November 20, 2010

Short and Stout

Oh, apparently we made a batch of stout and I forgot to say anything. I could make all sorts of excuses for why this update is more than a month overdue, but one interesting excuse is that this batch seemed almost effortless. We decided to make it and then did so, and it all seemed to breeze by without undue effort or noteworthy details.

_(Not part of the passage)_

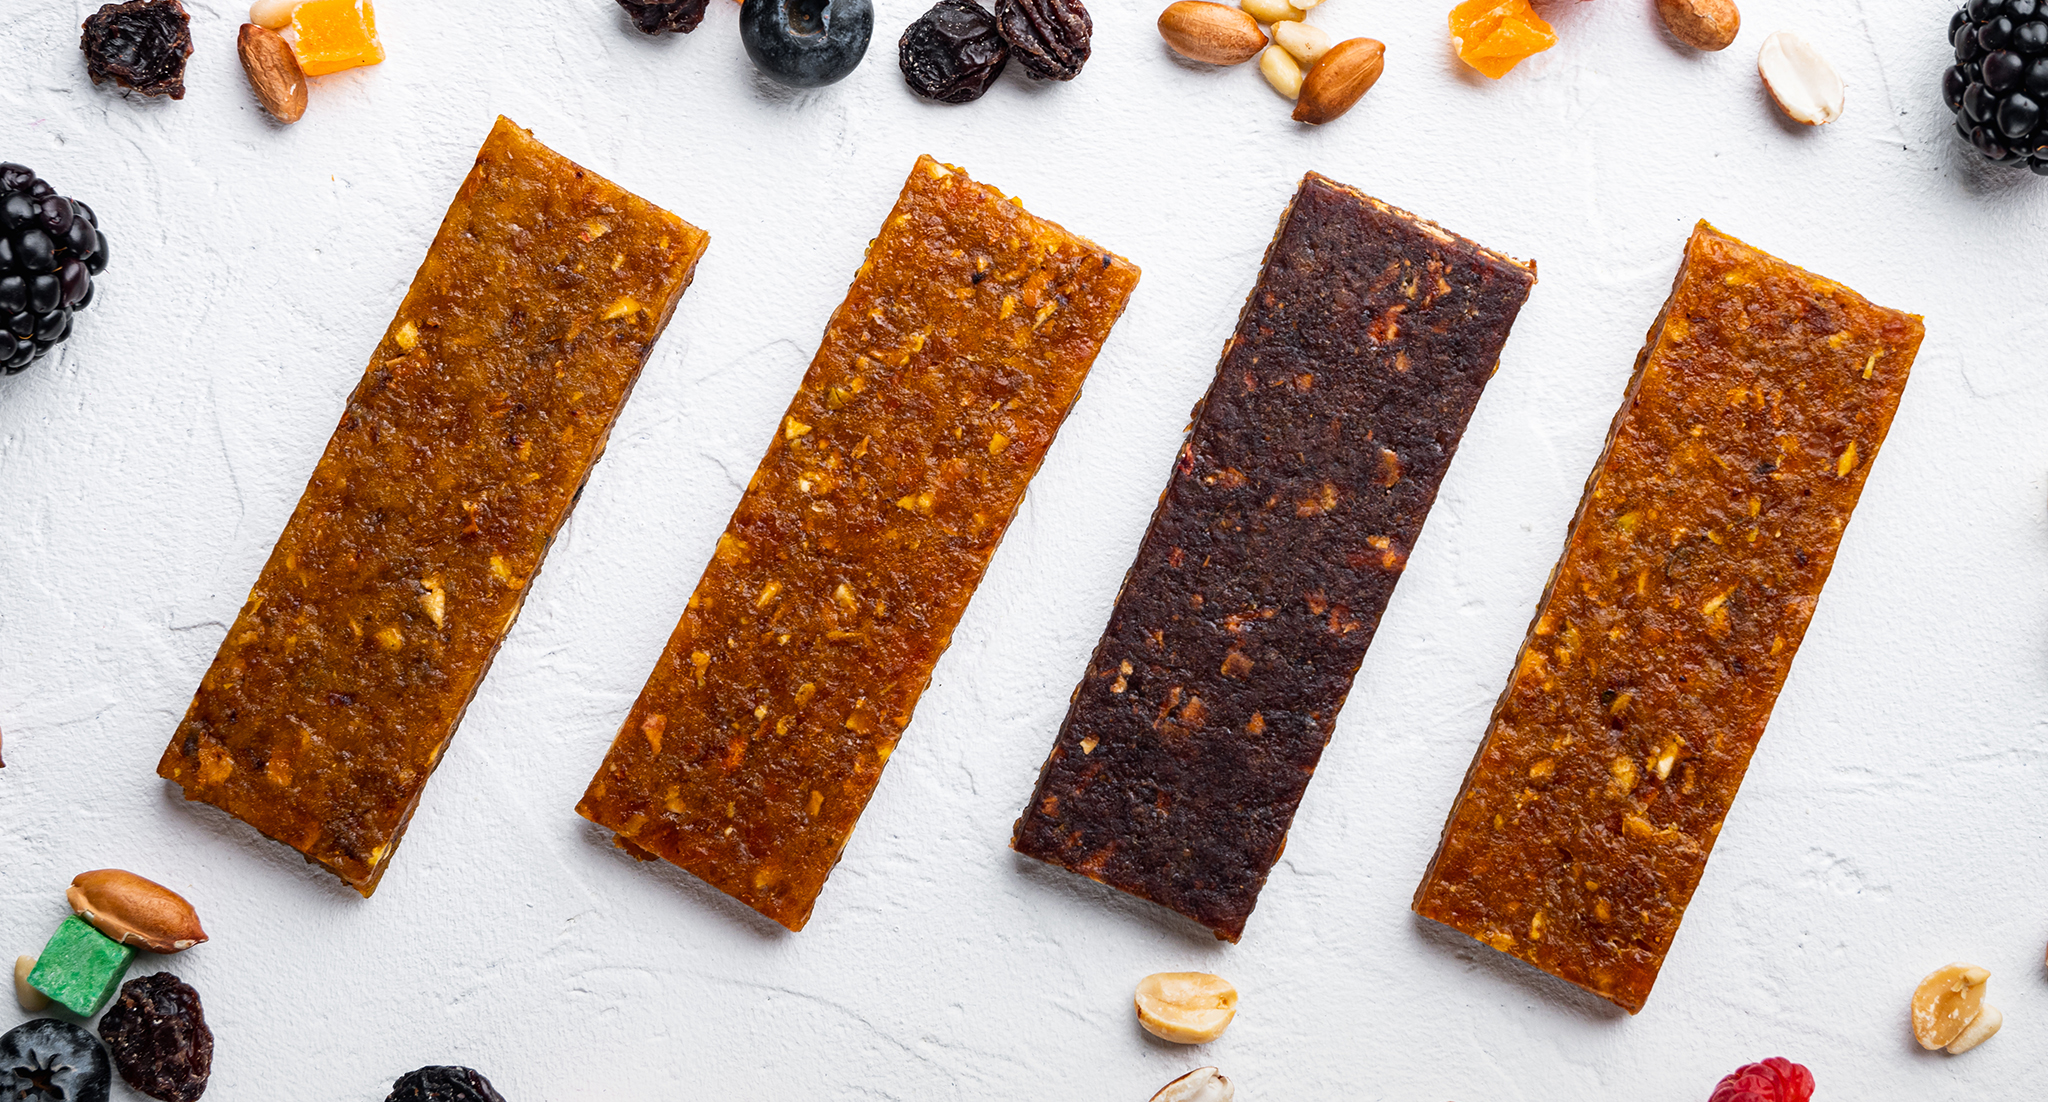 Experience Snack Bar Nirvana with SoftHaven Protein Blends!

Basically, it went like this: we decided to catch up with the cooling fall weather by brewing another batch of the stout from the year before, but this time with a tweaked recipe. We ordered up 8 oz. crushed black patent malt, 4 oz. roasted barley, 2 cans of Cooper's Dark Malt Extract, 1.5 lb. light dry malt extract, 1.5 oz. Northern Brewer hops, 1/2 oz. Cascade hops, 1/2 oz. Fuggles hops and some yeast. The grains and malts were essentially identical to our initial stout, but we altered the hops profile to make it a little more robust.

And like I said, it turned out to be one of our easiest brews, with even the cool-down working out pretty quickly; the bottling was mostly a breeze, too. Which makes it hard to say, exactly, why this particluar batch turned out to be so...OK.

Don't get me wrong--it tastes pretty damn good, with a nice full body, a good aroma and a clean finish. But something about this stout didn't break past good into great. Did we pay insufficient attention to some part of our easy-breezy brewing? Was our hopping change not entirely for the better? Was something off with one or more of the ingredients? Or was it just one of those things? Take a look:



My guess is that it just kind of happened this way. Hey, we're not pros, and not every batch turns out exactly the way we intended. This one seems a bit more high-alcohol than the last stout, and that might be it right there. But I'm not complaining: it's a fine stout, one worthy of the 2JB name...even if it doesn't quite scale the heights of the Grape Nuts Ale, Ale to the Chief or its other brothers in brew.